Below are some entries. Transcribe the lines from the one holding "nike buccaneers shirt" to the one holding "San Francisco Giants", inclusive, but not the pictures among them.

→ Supplied data

*** Block opens ***

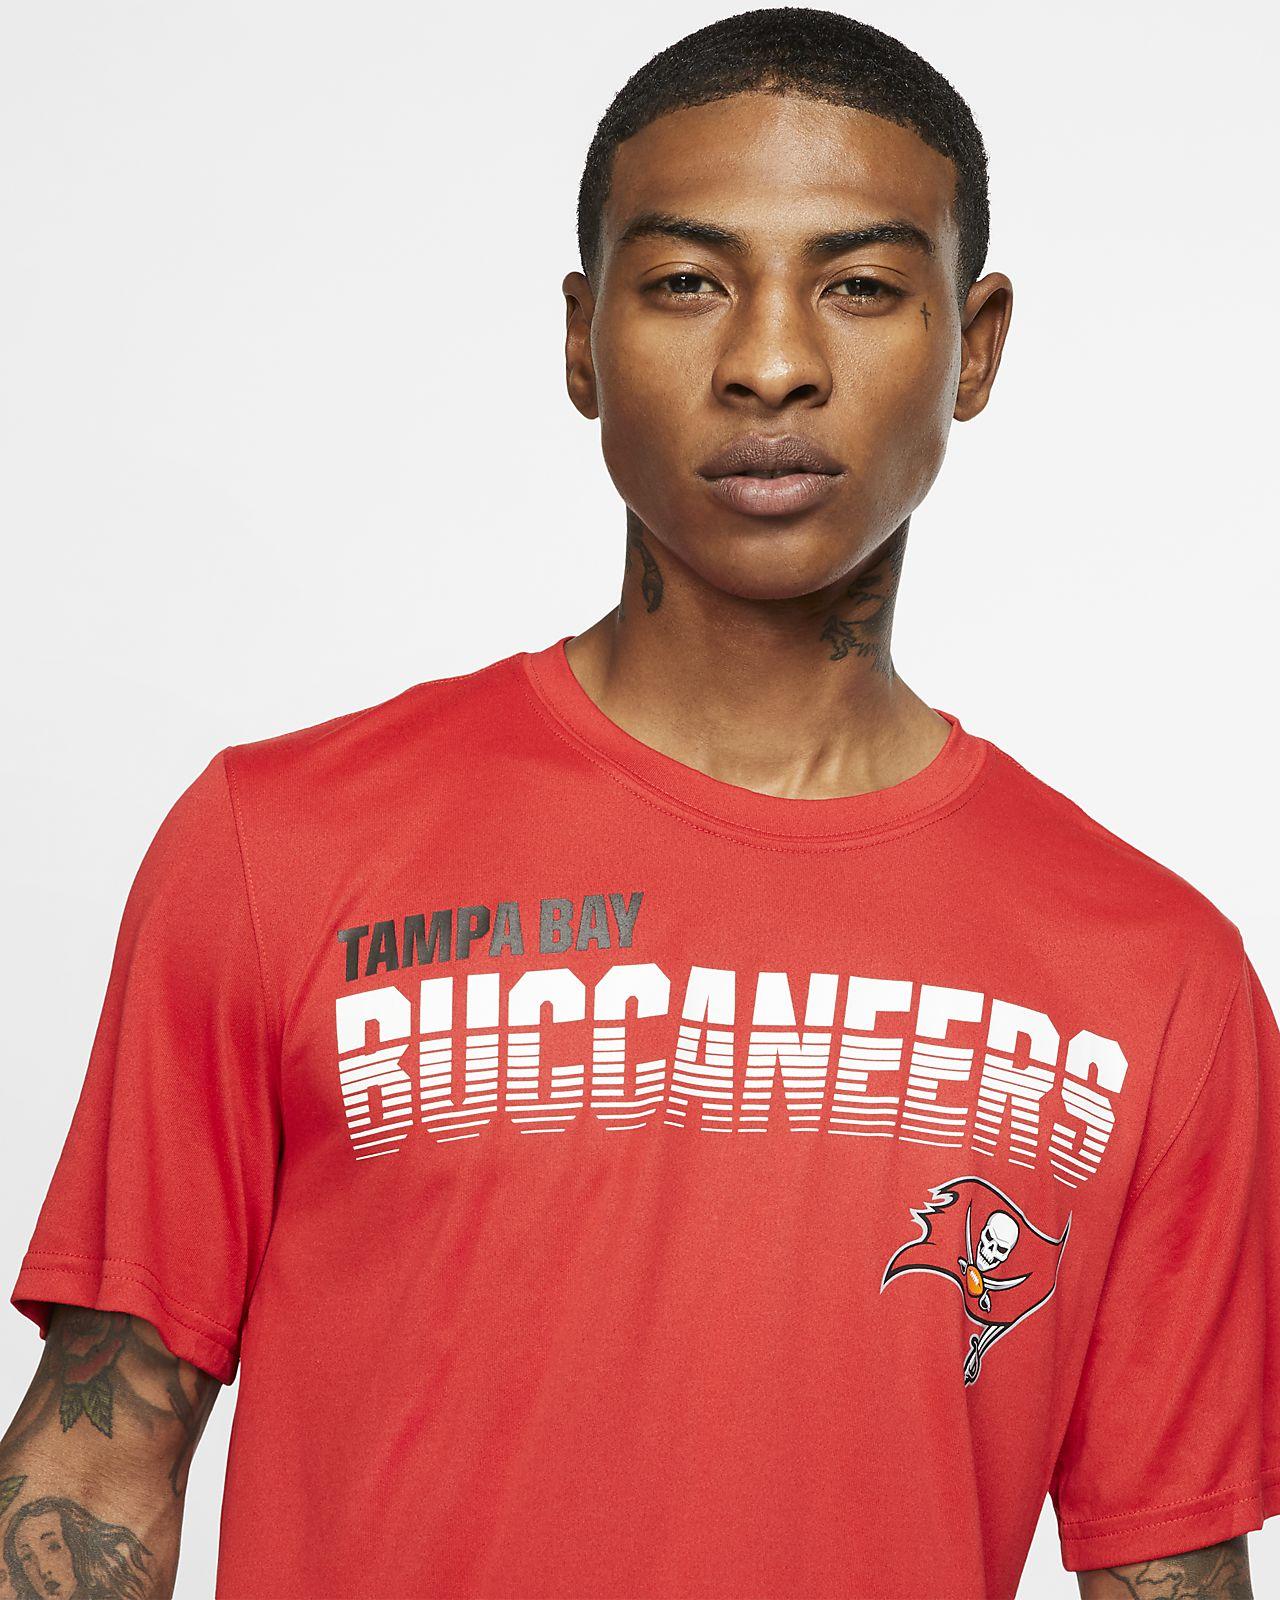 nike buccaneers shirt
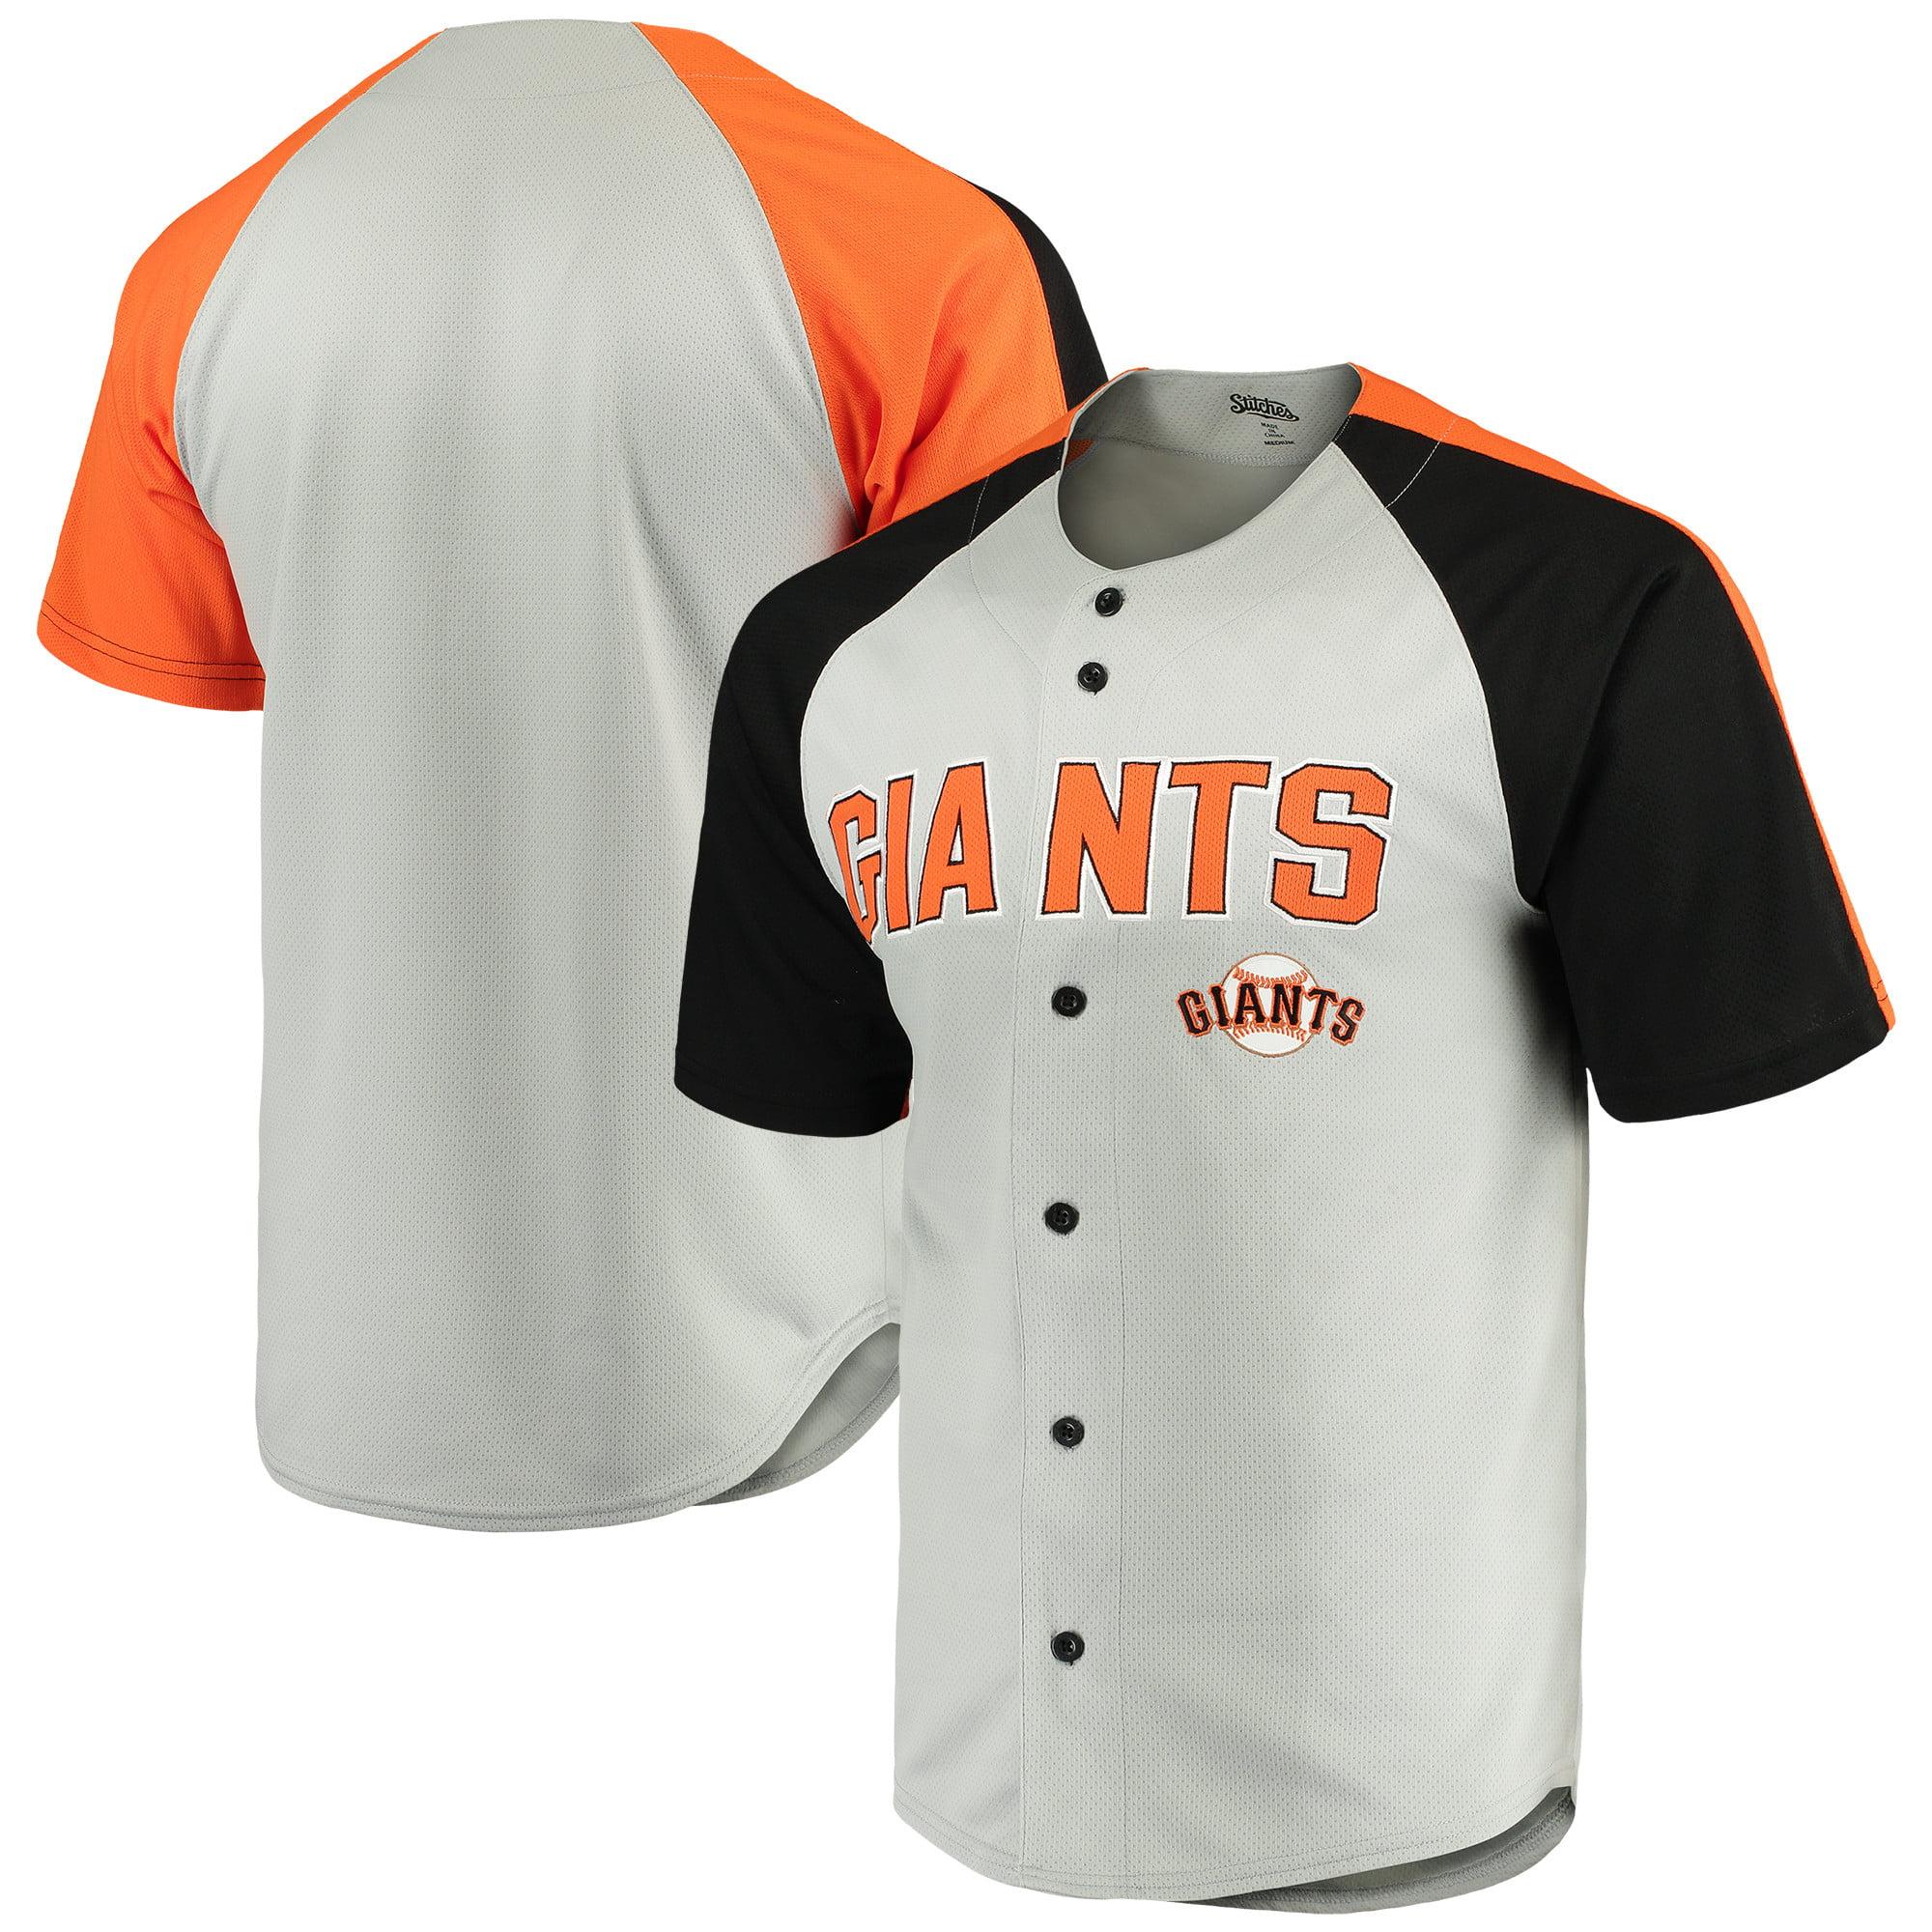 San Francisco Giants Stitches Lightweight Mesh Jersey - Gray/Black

*** Block closes ***
*** Block opens ***

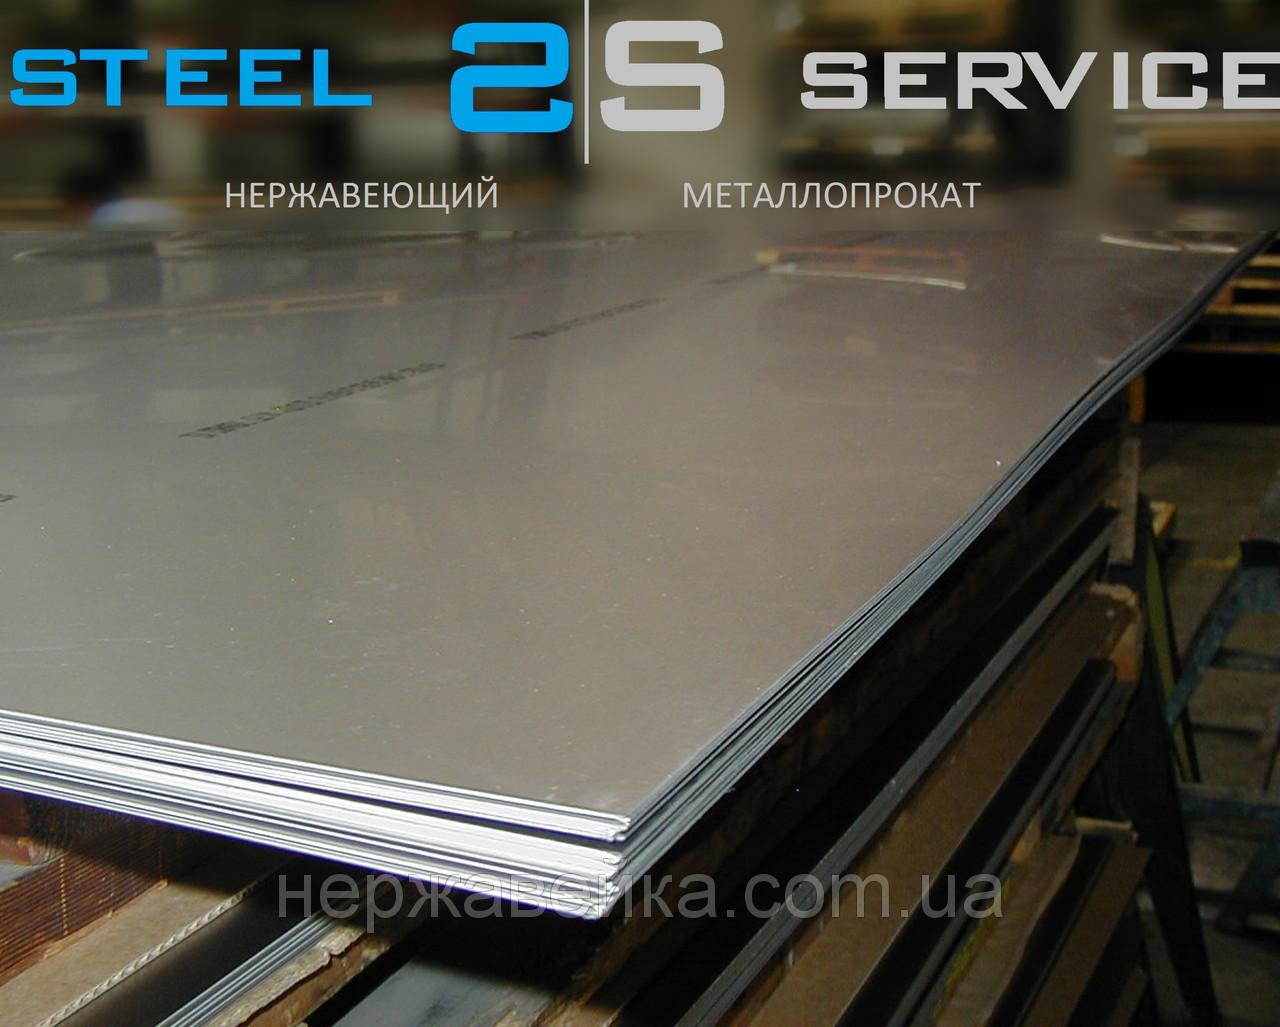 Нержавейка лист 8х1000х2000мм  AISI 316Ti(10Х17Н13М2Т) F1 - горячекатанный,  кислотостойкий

*** Block closes ***

→ Task answer
 nike buccaneers shirt
 San Francisco Giants Stitches Lightweight Mesh Jersey - Gray/Black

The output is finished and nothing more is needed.